Dos días y dos noches hospitalizado para darle de alta con las reservas del cuadro clínico presentado, saliendo a la calle acompañado de una de sus hermanas y la hija de ella que estuvieron con él, cuidándolo. Cuando se dirigieron a otra clínica para que le tomaran una radiografía de tórax y un ultrasonido abdominal, él no sabía a dónde iba porque siempre supo dónde había estado con la ausencia de nada ni nadie ni alguien es para siempre. Además: no haber estado cuando más lo necesitaban. La hermana y la sobrina lo conminaron a quedarse en casa de ellas para convalecer, pero cómo acomodarse en una casa donde tienen su espacio, su privacidad y su intimidad.
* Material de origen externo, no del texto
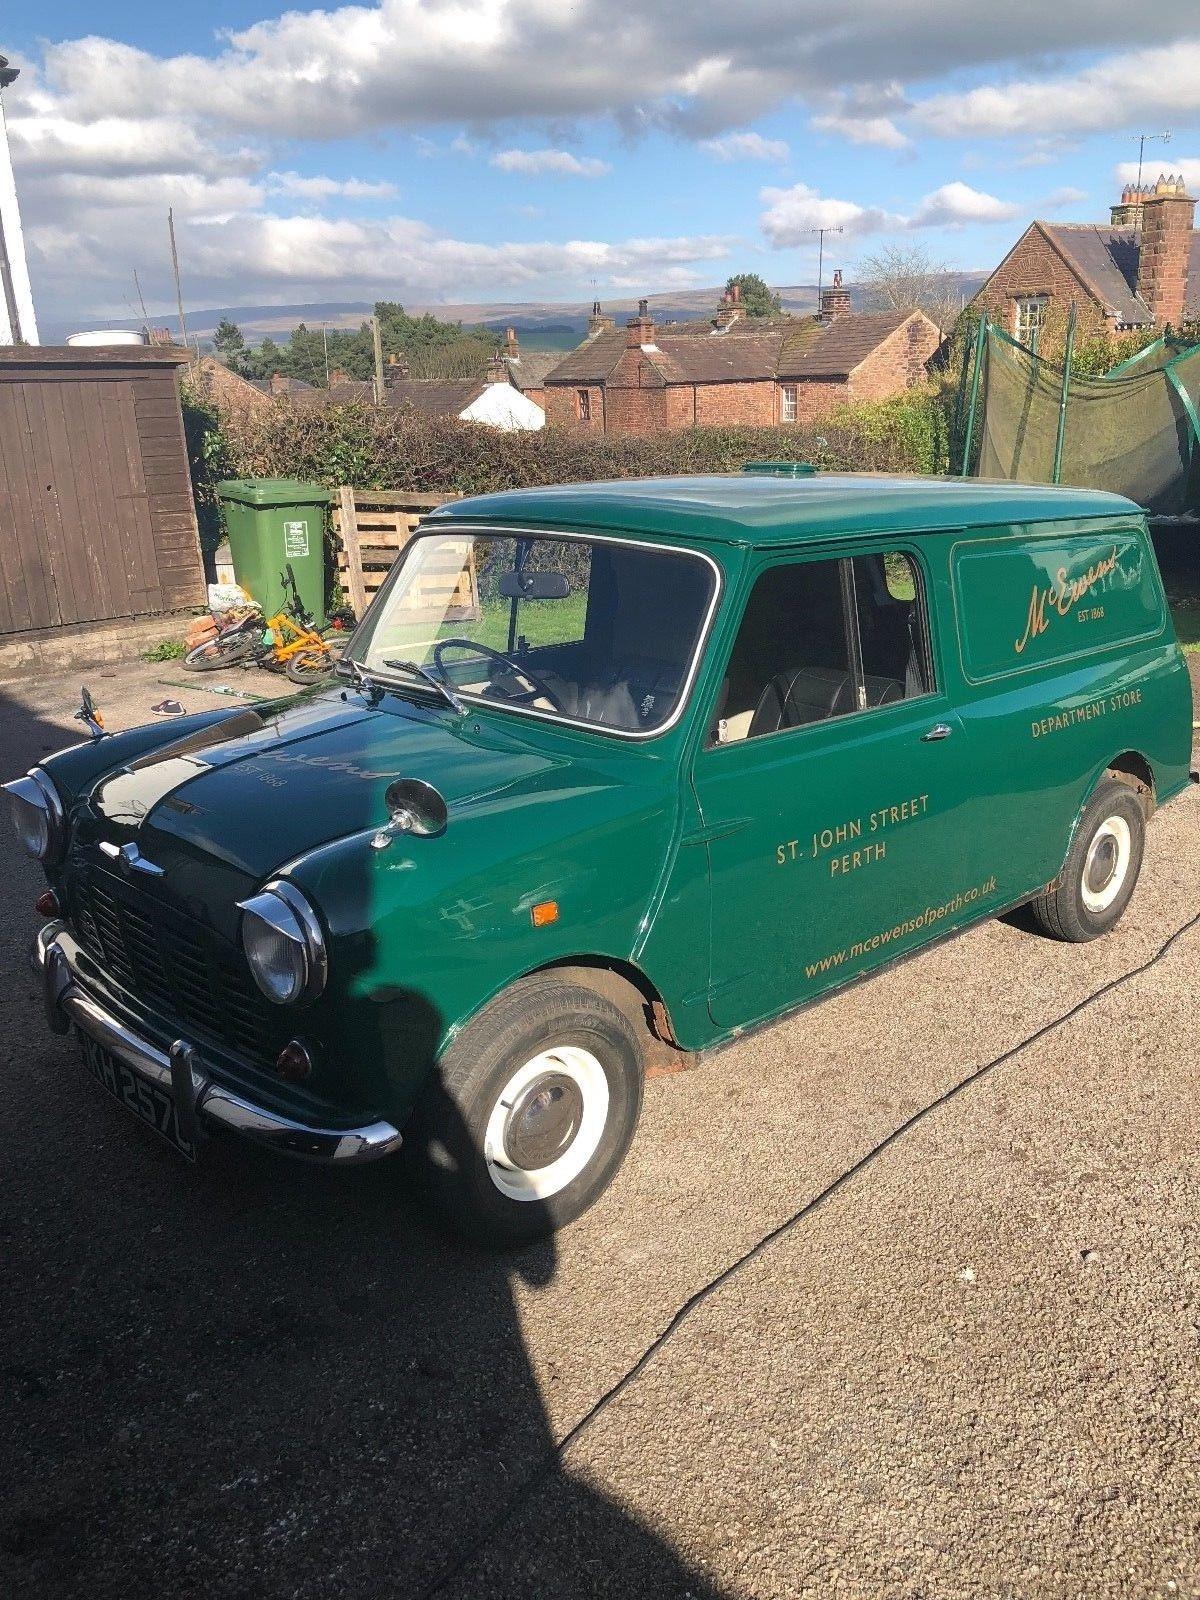 Ebay 1965 Morris Mini Van In Green With Great History Classicmini Mini Mini Van Mini Morris Van

Él les dice que para eso renta la casa en donde vive, La Casalta, pero cómo vas a estar tú solo en la casa cuando necesitas que alguien esté al pendiente de ti, le dijo una de sus hermanas con las mismas y las diferentes palabras. «La soledad solamente es soledad cuando la buscas y la encuentras sola con ella misma y con uno mismo», se dijo el convaleciente al llegar, subir por una escalera metálica a la terraza con plantas de sombra, buscar y encontrar la llave para abrir la puerta, escuchando los maullidos de un gato desde el interior de La Casalta, a la que él iba entrando. Dos meses antes, a finales de mayo, el día miércoles 29 del 2013, su hermano, el segundo mayor de los cuatro, falleció en un hospital en terapia intensiva. «Esto es regresivo», le dijo el hermano mayor al hermano menor, despidiéndose el hermano menor con un saludo de manos izquierdas y darle un beso en la mejilla izquierda del hermano mayor. Cuando salió del hospital, el mar lo inundó por dentro y el cielo lo voló por fuera. El desasosiego, de otra orfandad, había reempezado. Nino Gallegos. Poeta y periodista. Su libro más reciente es Aludra.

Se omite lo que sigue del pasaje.